I took the phone call half way through lunch with mum, but away from the dinner table. Came back to the table and told mum who had phoned. Her response was to start talking about the time that her Mum (my nain) had passed away.
She does this a lot. Turns every situation or problem to it being her going through the same situation but 10 times worse.

AIBU to think that she is a narcissist and that real sympathy will never come from her?

OP posts:
ButchyRestingFace · 16/03/2018 13:35

Please remember that he isn't 'just' your father, he's her ex and father of her children, and presumably she loved him once. His death is likely to bring up pain she is no longer used to feeling after 25 years of being divorced.

Agreed. It doesn't appear that she was getting much in the way of understanding or support after his death from her current husband, judging by his reaction to her crying.

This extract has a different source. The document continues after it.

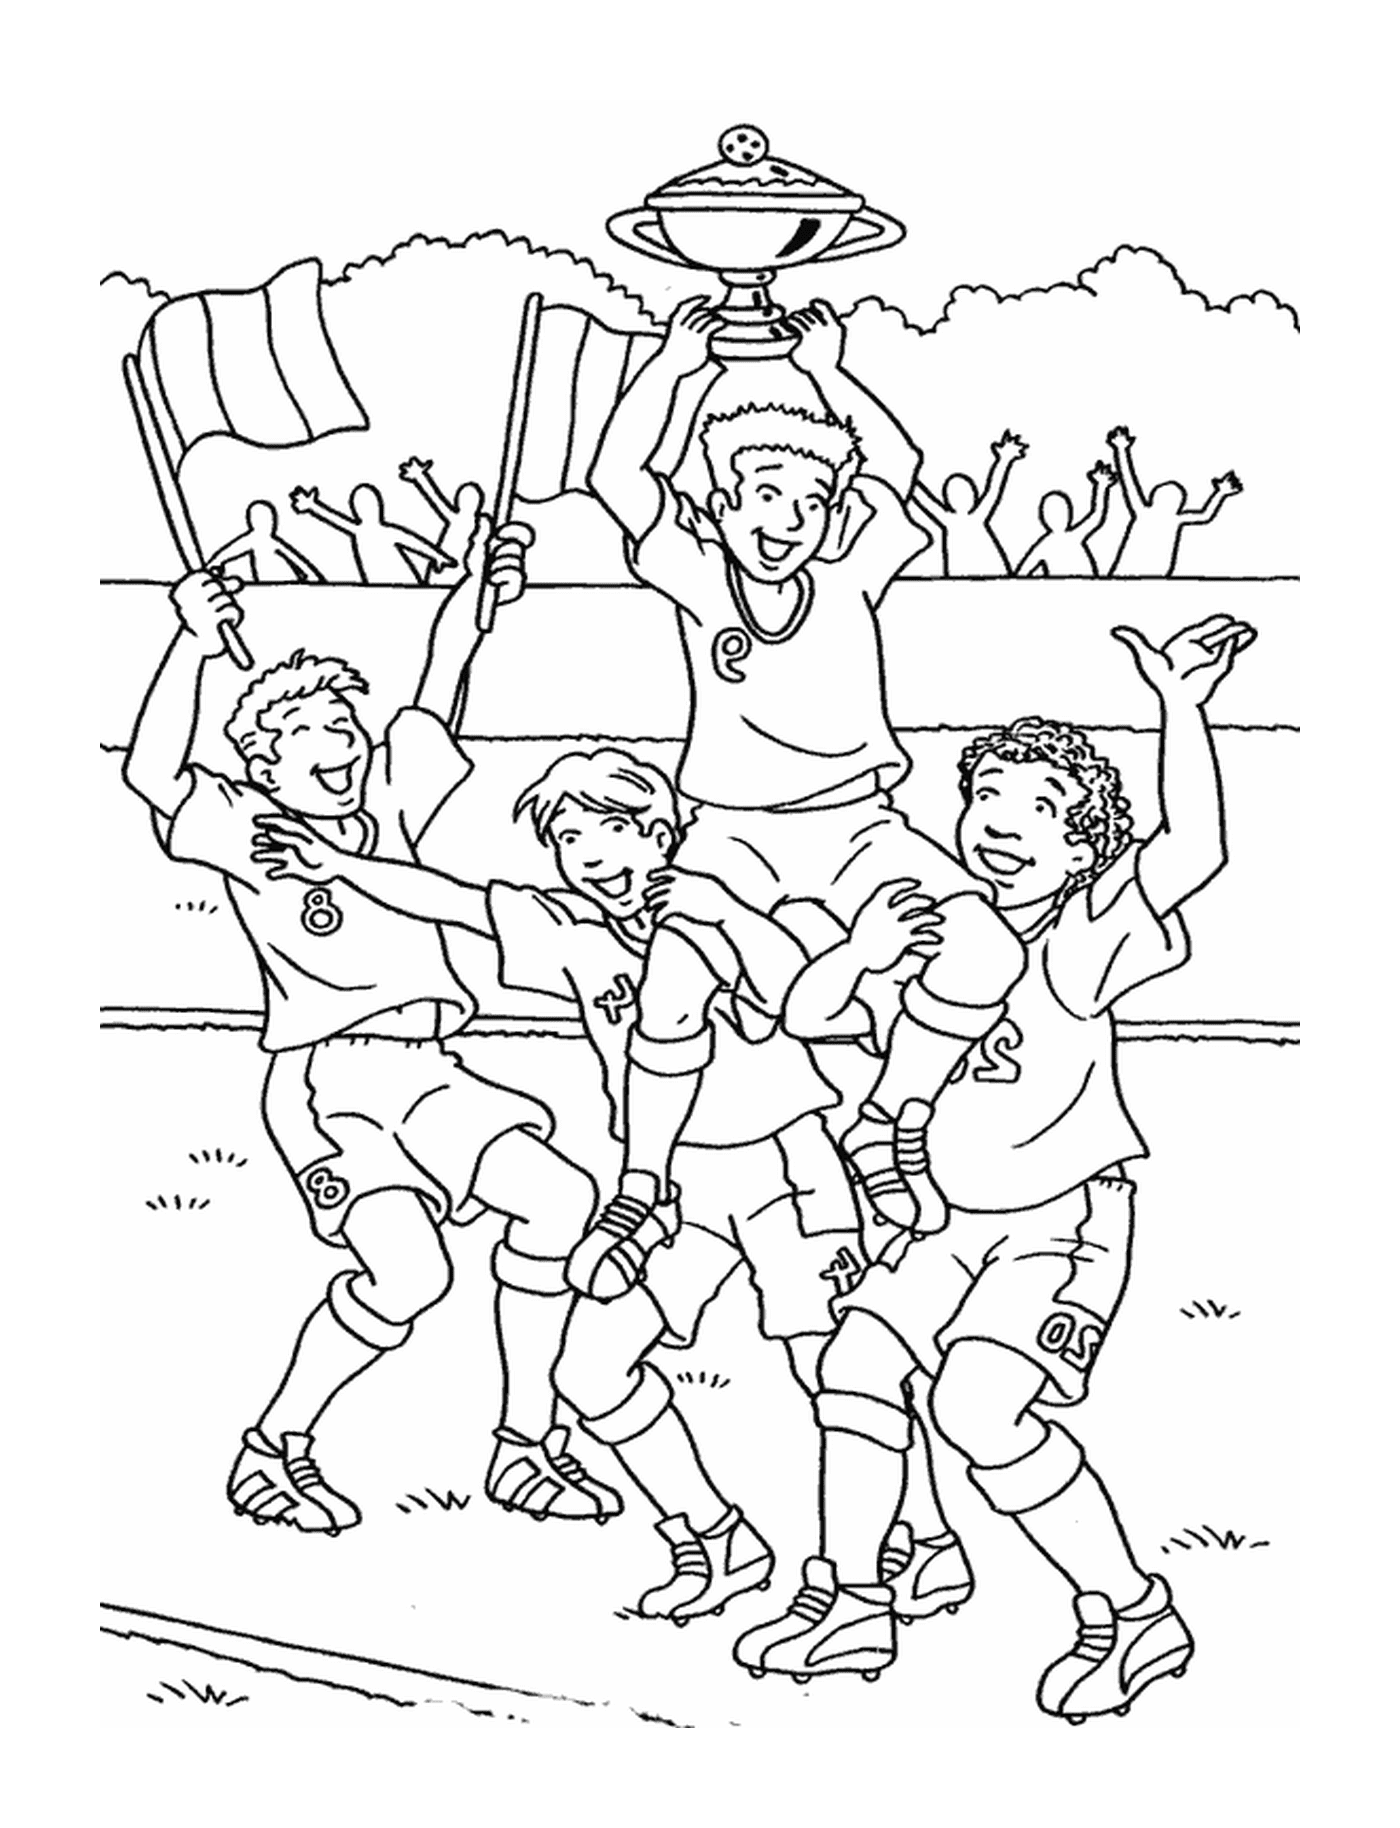 coloriage sport foot equipe victoire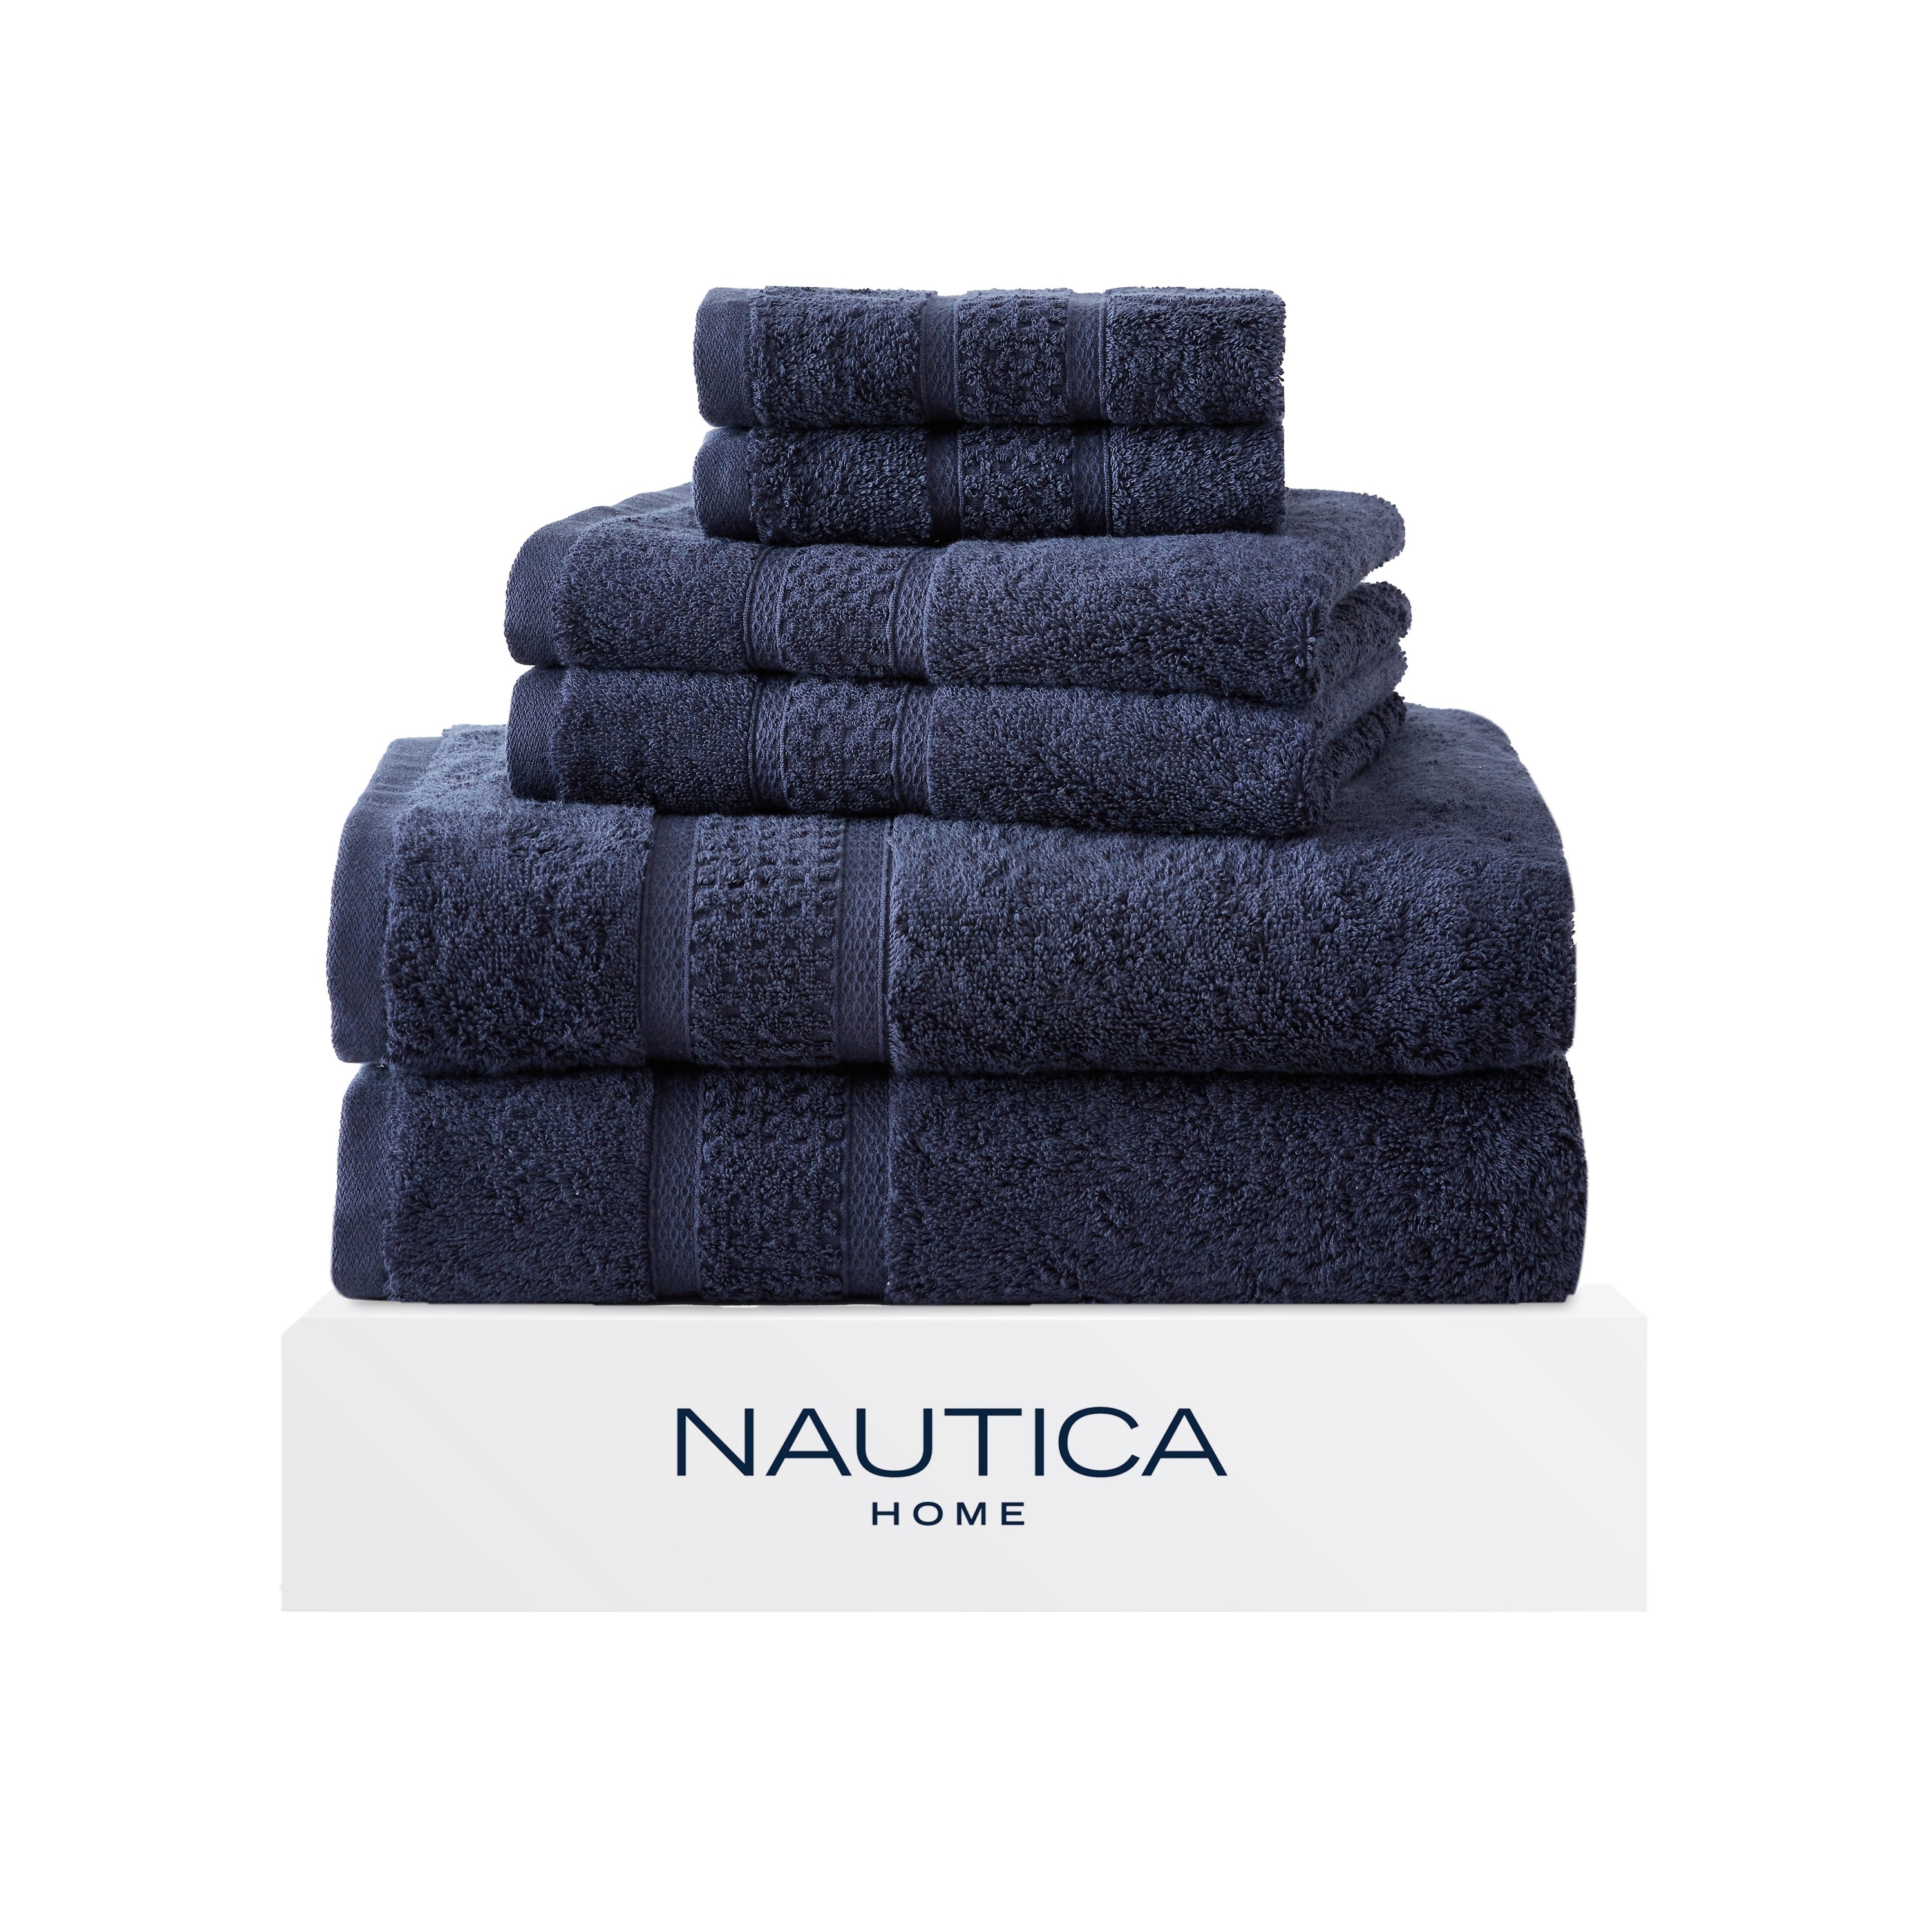 https://ak1.ostkcdn.com/images/products/is/images/direct/7b0cdf5777aec6726b74ee0b48a435907484b751/Nautica-Oceane-Solid-Cotton-6-Piece-Towel-Set.jpg

My father, also a pig although never violent, was genuinely upset and bewildered when his ex-wife, my mum, dropped dead. She was effectively the only person he'd ever dated/been with before they divorced, after a long marriage and two kids. No matter how the relationship ends, an ex-spouse's death can stir can up a lot of emotions for people, particularly since society perceives them not to need or be entitled to support.

I find they're never clinical psychologists, they're people who don't like their relatives. A really, really bad situation for making a serious clinical diagnosis of a very rare personality disorder.

I'm struggling to recall ever hearing the word used to describe someone out in the "real world". But on here it's ubiquitous.

PoorYorick · 16/03/2018 13:42

toomuch, I'm not trivialising your experience in the slightest. I'm simply saying that to armchair diagnose people with a serious, and rare, personality disorder when we're in no way qualified to do it - and are indeed massively influenced by how awful they've been to us - is neither helpful nor constructive. It's spreading misinformation.

JessicaEccles · 16/03/2018 13:51

My ex was an actual diagnosed narcissist. he would have complained that you were ruining dinner by bringing up bad news.

When his only brother died, in very sad circumstances, he said the last time he saw his brother, he had eaten half his dinner- so it wasn't all bad that he died.